From the derivative, we see that MCP starts with the same penalization rate as Lasso (at \(|x|=0\)), and then quickly relaxes it down to zero as the magnitude of coefficients increases.

Visualization of Lasso, SCAD, MCP and their derivatives (from Patrick Breheny’s lecture on BIOS 7240).

3 Two new penalization methods

3.1 GMC

If we categorize penalty functions based on the convexity of the penalized least squres problem, we have

convex penalization: Lasso and its variants

Convex penalization methods use convex penalty functions and deal with a convex optimization problem, which has no sub-optimal minimizers. But convex penalization tends to under-estimate large magnitude coefficients.
nonconvex penalization: SCAD and MCP

Non-convex penalization methods employ folded convave penalty functions, which can mitigate the estimation bias as we discussed above. But with a nonconvex penalty, the penalized least squares problem is not guaranteed to be convex. It is often that the problem has multiple local minimizers, which are not global minimizers. Algorithms for solving such problem can be trapped in local minimizers.

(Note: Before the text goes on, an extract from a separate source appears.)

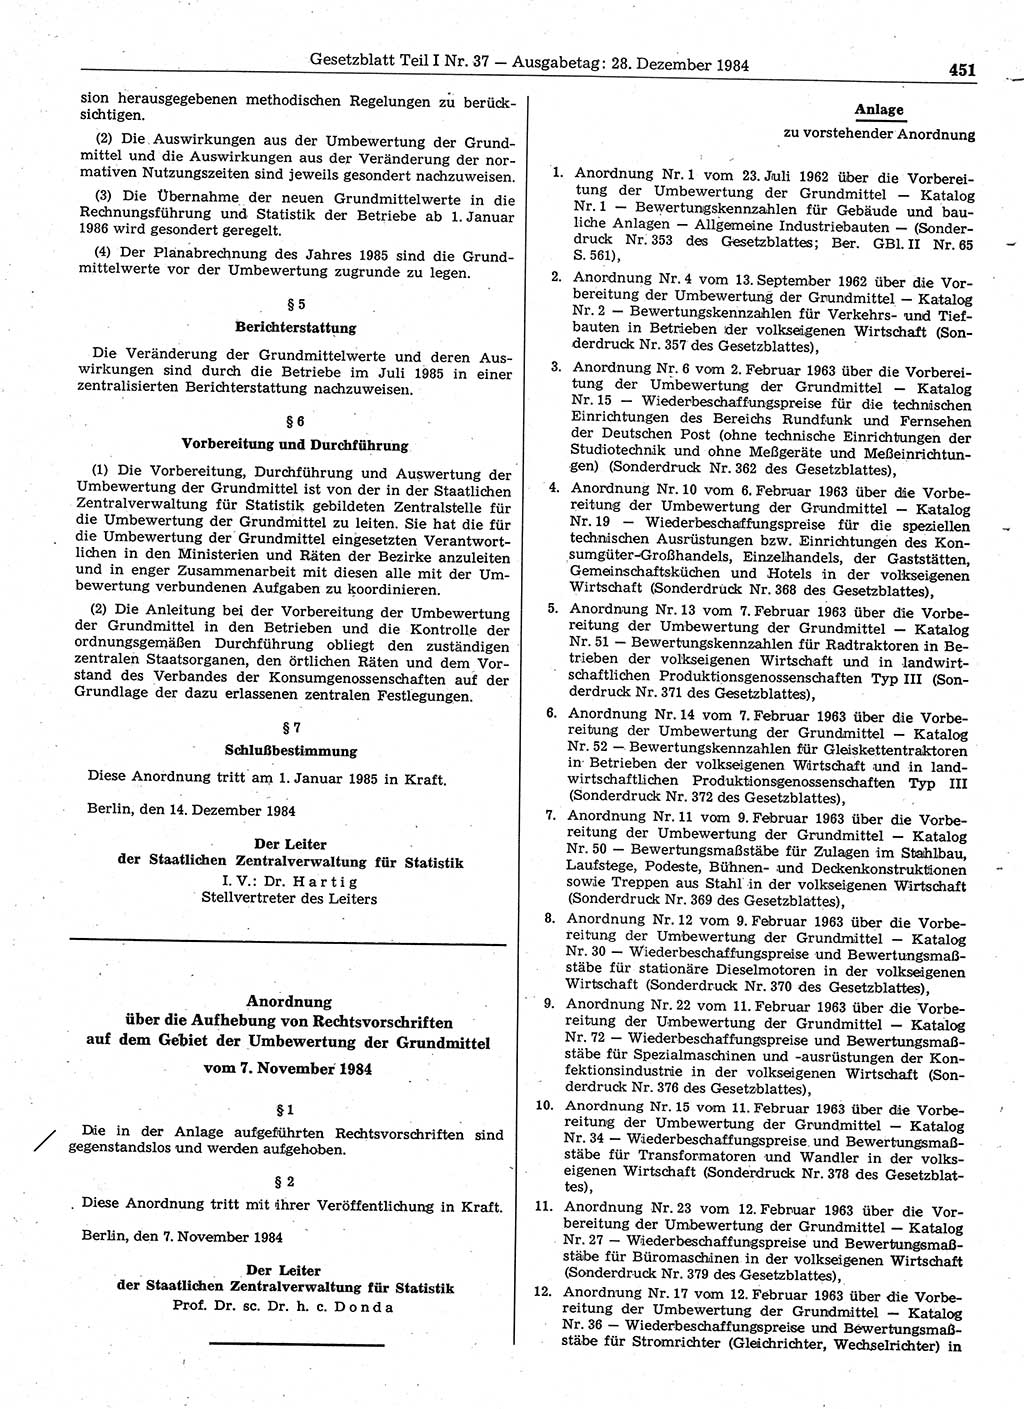 Gesetzblatt (GBl.) der Deutschen Demokratischen Republik (DDR) Teil Ⅰ 1984, Seite 451 (GBl. DDR Ⅰ 1984, S. 451)

A new penalization strategy called convex-nonconvex (CNC) penalization was studied in the field of signal processing. The motivation is to design a nonconvex penalty function but maintain the convexity of the optimization problem, so that one can enjoy the benefits of convex and nonconvex penalization simultaneously.

A prominent example is called generalized minimax conxave (GMC) penalty proposed in 2017, which is given in the following form: \[\begin{equation} \tag{3.1} P(\boldsymbol \beta) = \lVert \boldsymbol \beta \rVert_1 - \min_{\boldsymbol v} \{\lVert \boldsymbol v \rVert_1+ \frac{1}{2}\lVert \boldsymbol B (\boldsymbol \beta - \boldsymbol v) \rVert_2^2 \}, \end{equation}\]

which is the \(l_1\) norm minus its generalized infimal convolution. Both functions are convex, and the resulting GMC penalty is typically nonconvex.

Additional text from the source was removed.